Como manda cada año el ritual de los curros, las "burras" se acercaron
al recinto para ser marcadas y rapadas, no sin oponer resistencia.
Alrededor de doscientas lo hicieron en esta ocasión, algunas menos que
en anteriores encuentros. Los incendios que asolaron la zona el pasado
verano también acabaron con la vida de numerosas reses en los montes.
No sólo hubo menos afluencia de reses. Los espectadores también
disminuyeron respecto a otras citas. El descenso de las temperaturas y
el fuerte viento registrado en el lugar llevaron a muchos curiosos a
dejar la visita al curro para otra ocasión. No obstante, los habituales,
en torno a medio millar de personas, no dejaron pasar la oportunidad de
participar en el encuentro. Después de un año sin rapas, la primera de
la temporada, siempre crea expectación, especialmente después de
aplazarse el pasado domingo por el mal tiempo.

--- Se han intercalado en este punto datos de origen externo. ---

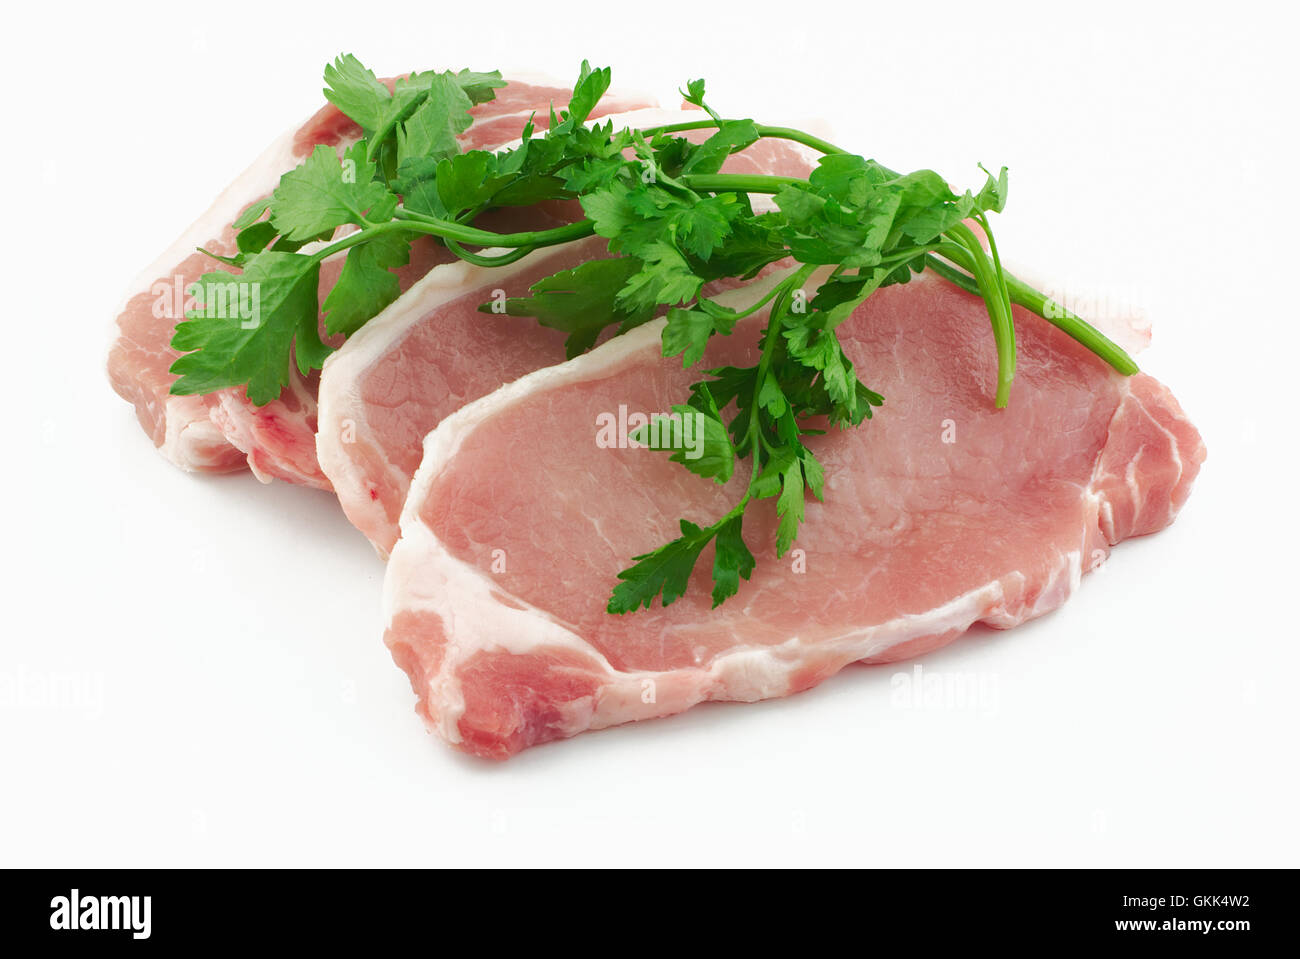 Pork loin steaks with herbs Stock Photo

Los primeros en llegar, como siempre, los mozos. Unos doscientos se
repartieron por el monte en torno a las cinco de la madrugada para poner
en marcha su "tradicional dispositivo" para acercar a las "burras" al
curro. Todos a caballo, con diverso material disuasorio, lograron atraer
a los equinos.
Diez horas después de iniciar la tarea, llegó el momento culminante con
el marcado y rapado. La experiencia de los "aloitadores" suplió la
osadía de los aficionados entre los caballos y no dejó que se produjera
ningún incidente.
Tras participar en la comida campestre y observar la ruda imagen del
dominio de los caballos, los asistentes se marcharon con la esperanza de
que la meteorología mejore para las próximas citas. La de Torroña está
prevista el primer domingo de junio e irá seguida de Mougás, Morgadáns y
Pinzás.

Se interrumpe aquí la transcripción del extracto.